DIRECTIONS FOR THIS TASK - Among the entries that follow, locate the line with "Photo of Pedro" and the line with "Land Rover Range". Output those lines and all lines in between, exactly, minus the pictures.

PROVIDED ENTRIES -
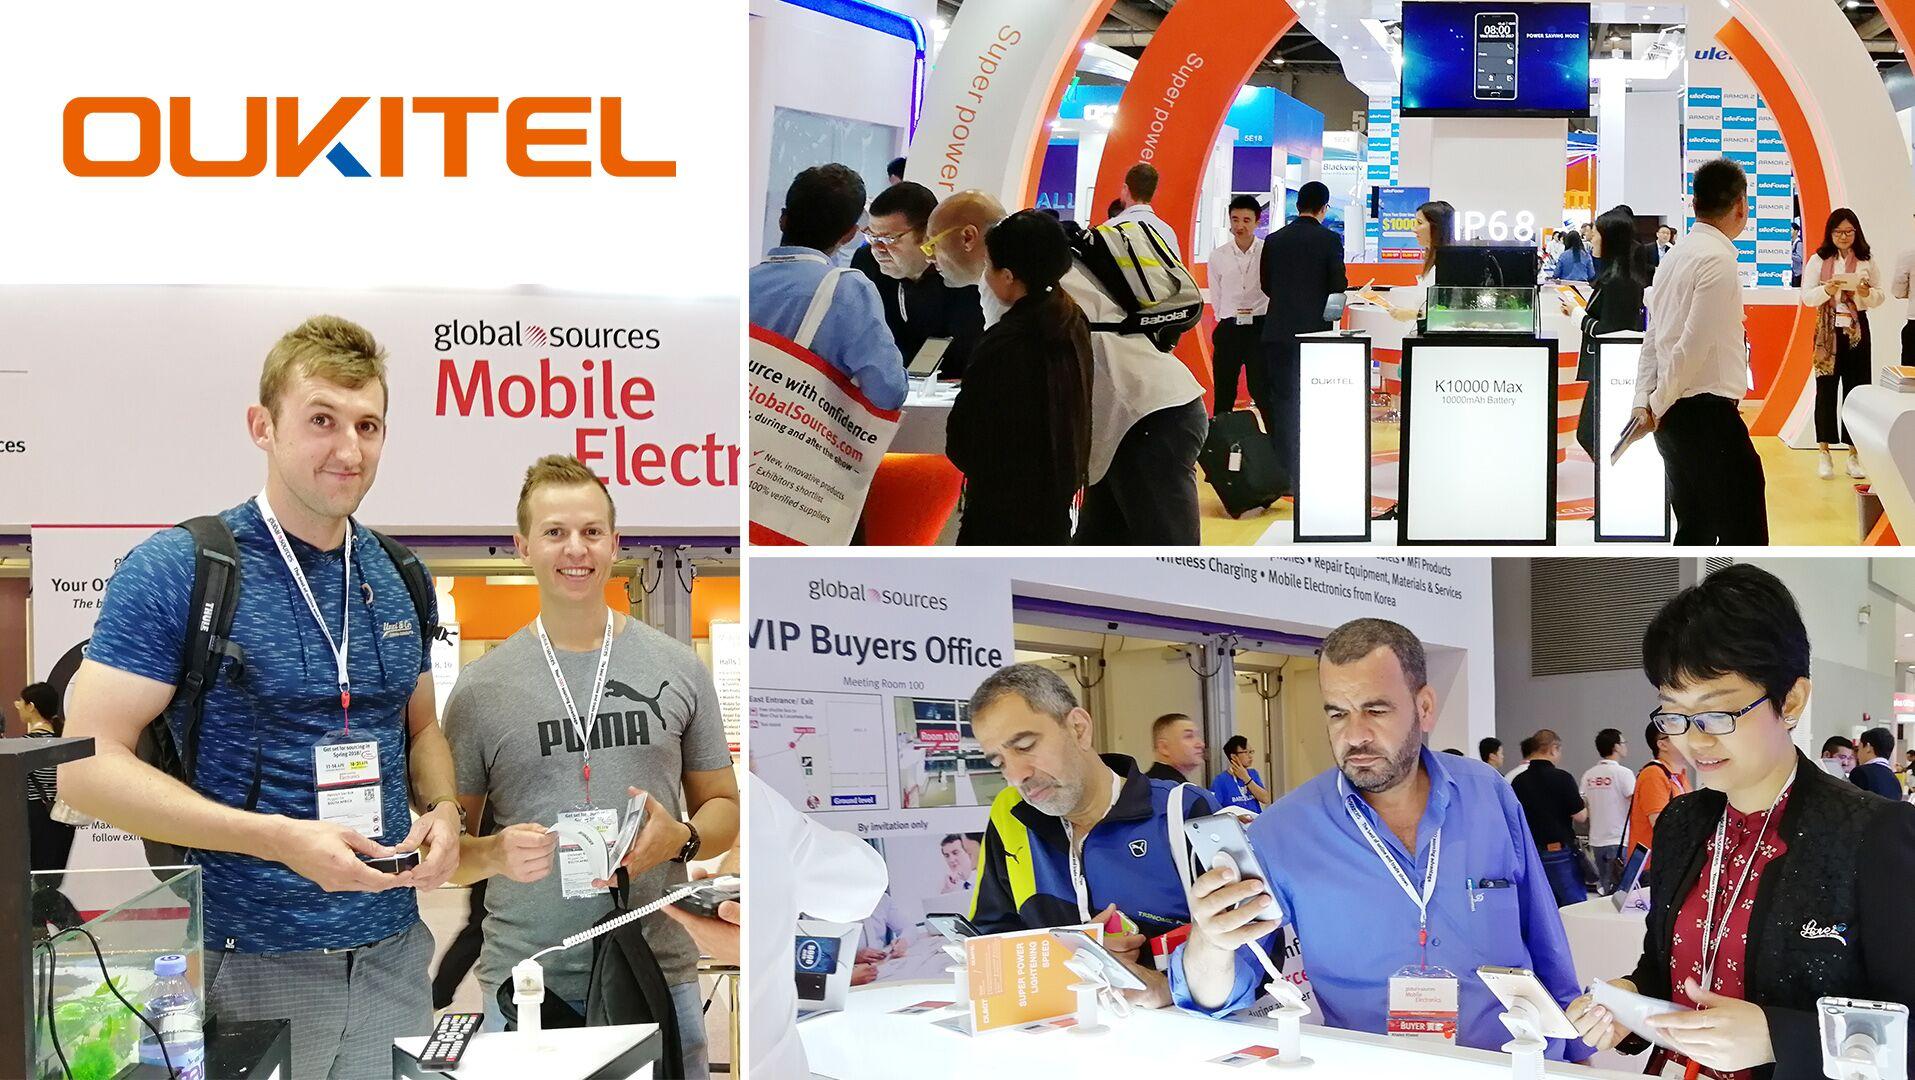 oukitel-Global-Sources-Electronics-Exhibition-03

==

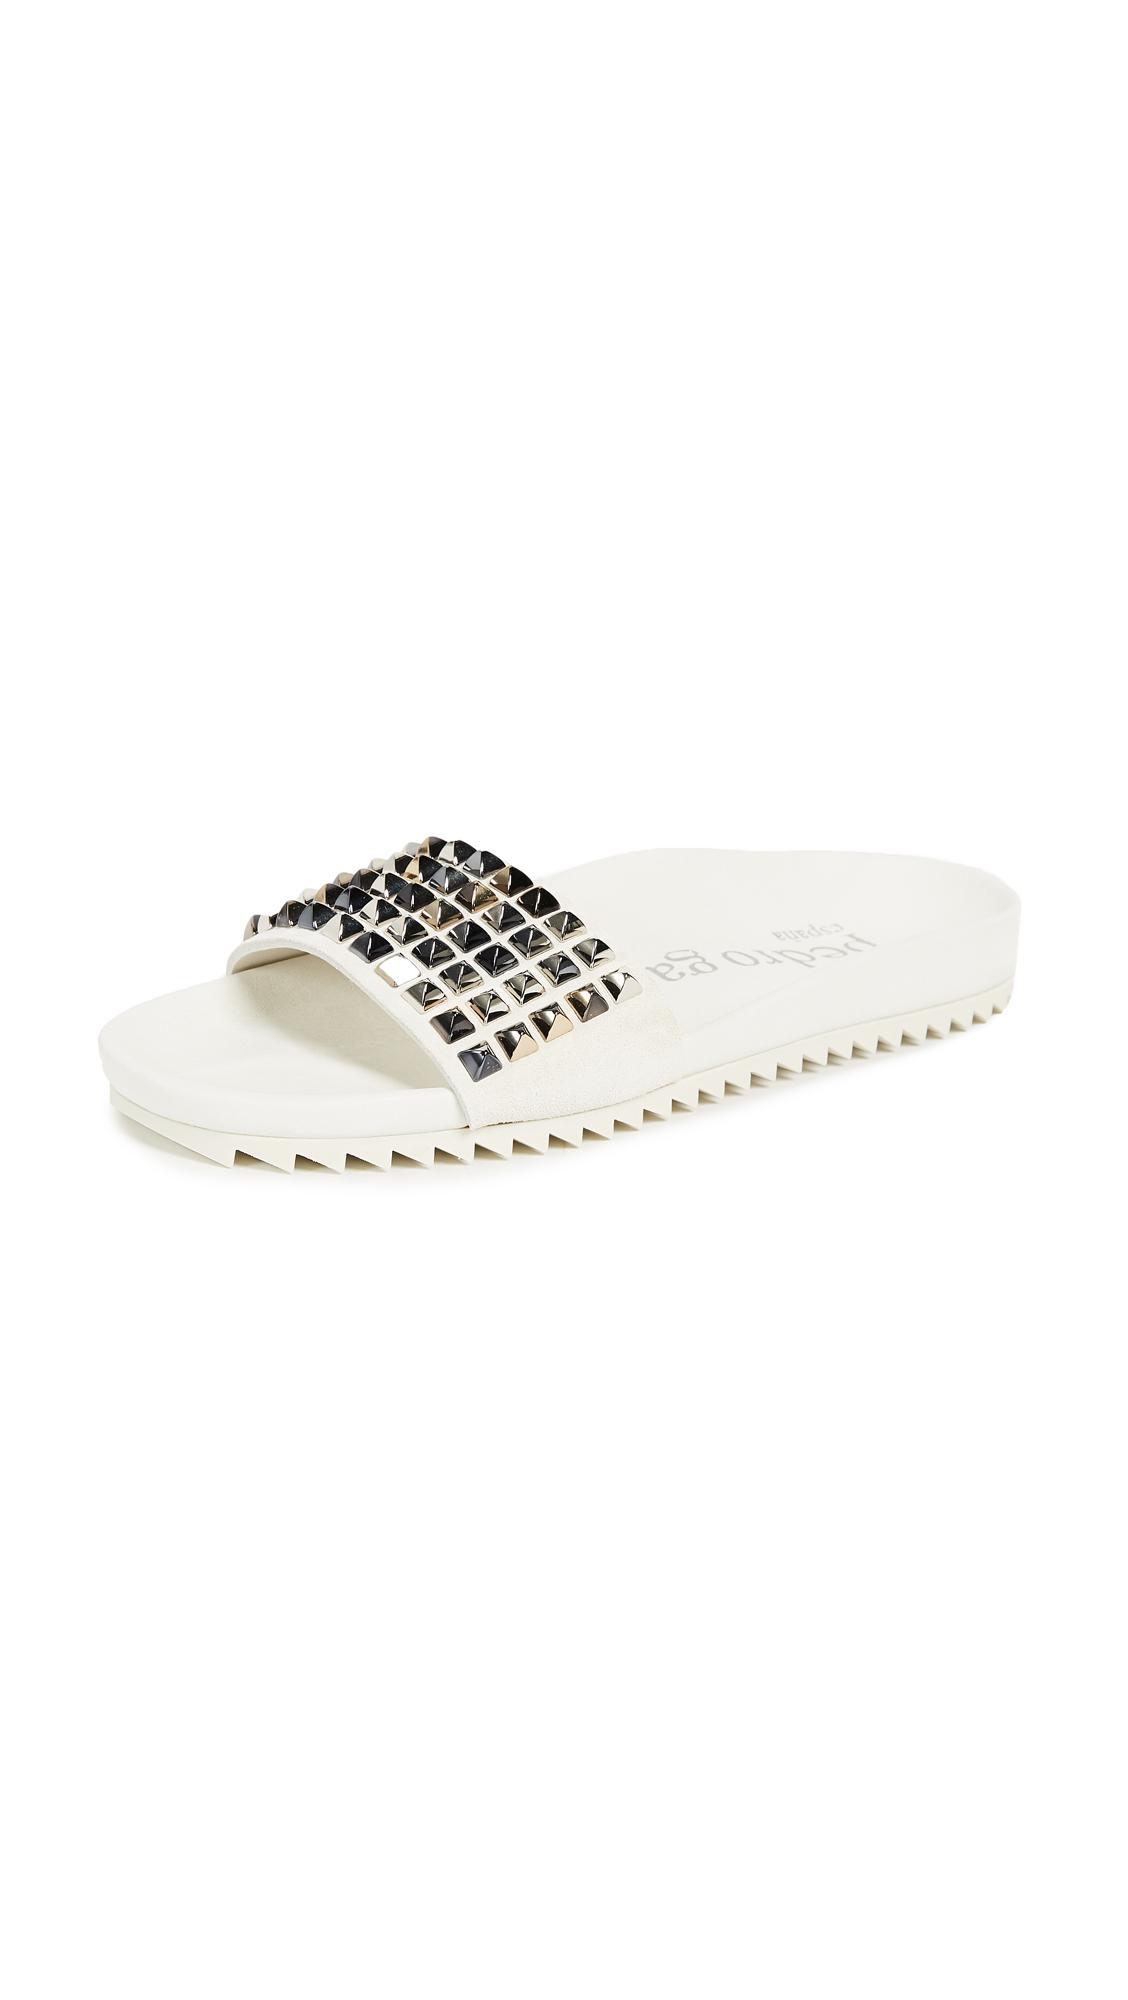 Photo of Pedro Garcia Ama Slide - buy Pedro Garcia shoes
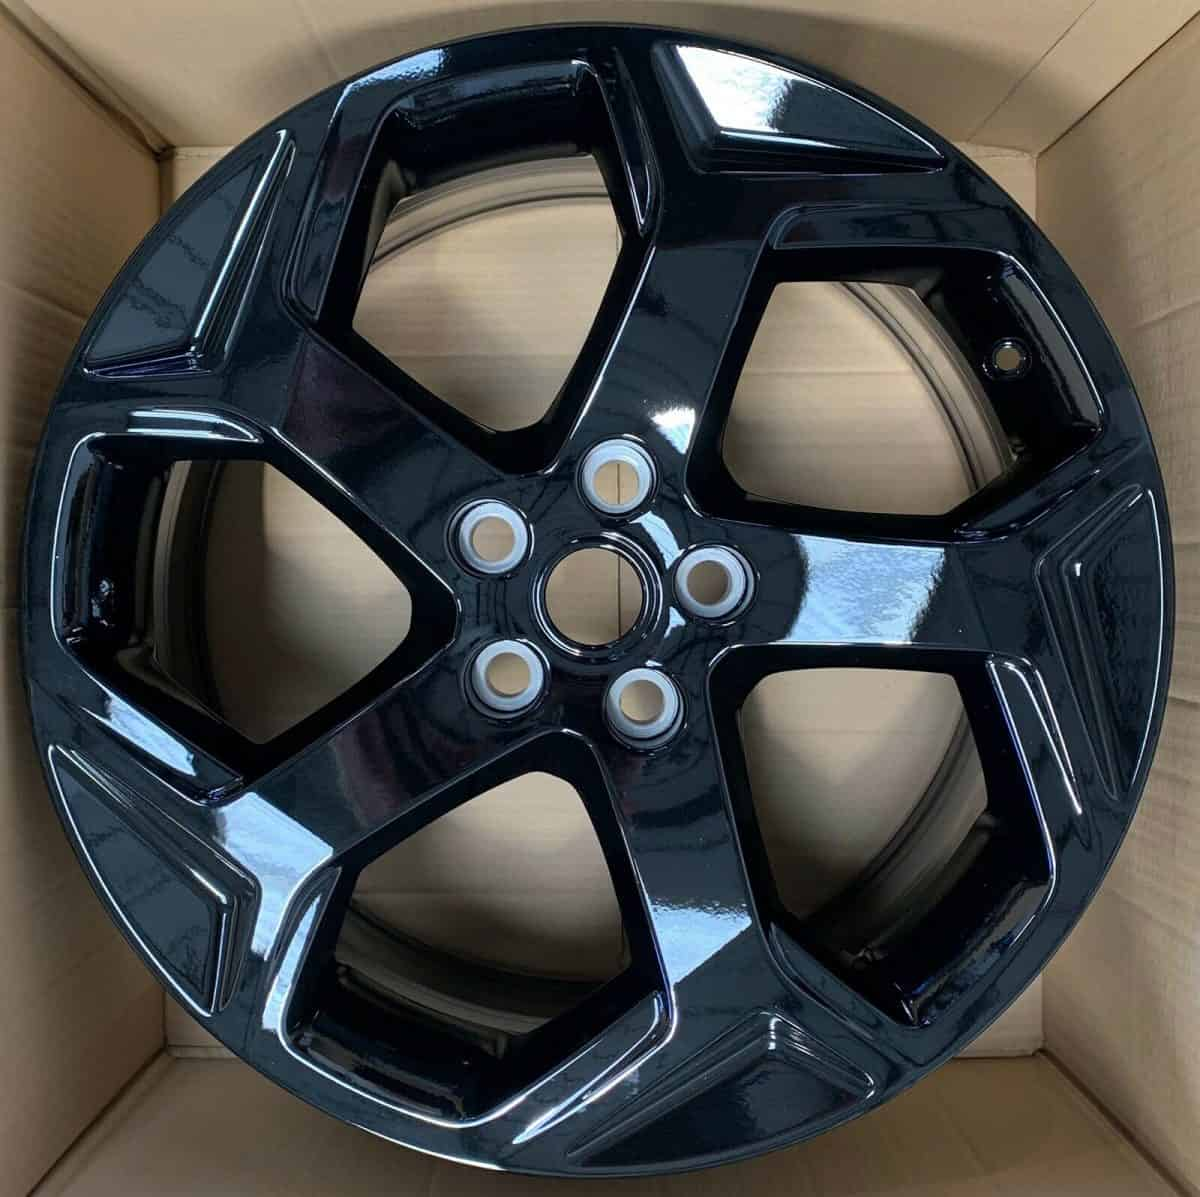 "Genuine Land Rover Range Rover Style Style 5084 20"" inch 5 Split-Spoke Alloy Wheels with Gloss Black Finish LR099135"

SOLVED EXERCISE -
 Photo of Pedro Garcia Ama Slide - buy Pedro Garcia shoes
 "Genuine Land Rover Range Rover Style Style 5084 20"" inch 5 Split-Spoke Alloy Wheels with Gloss Black Finish LR099135"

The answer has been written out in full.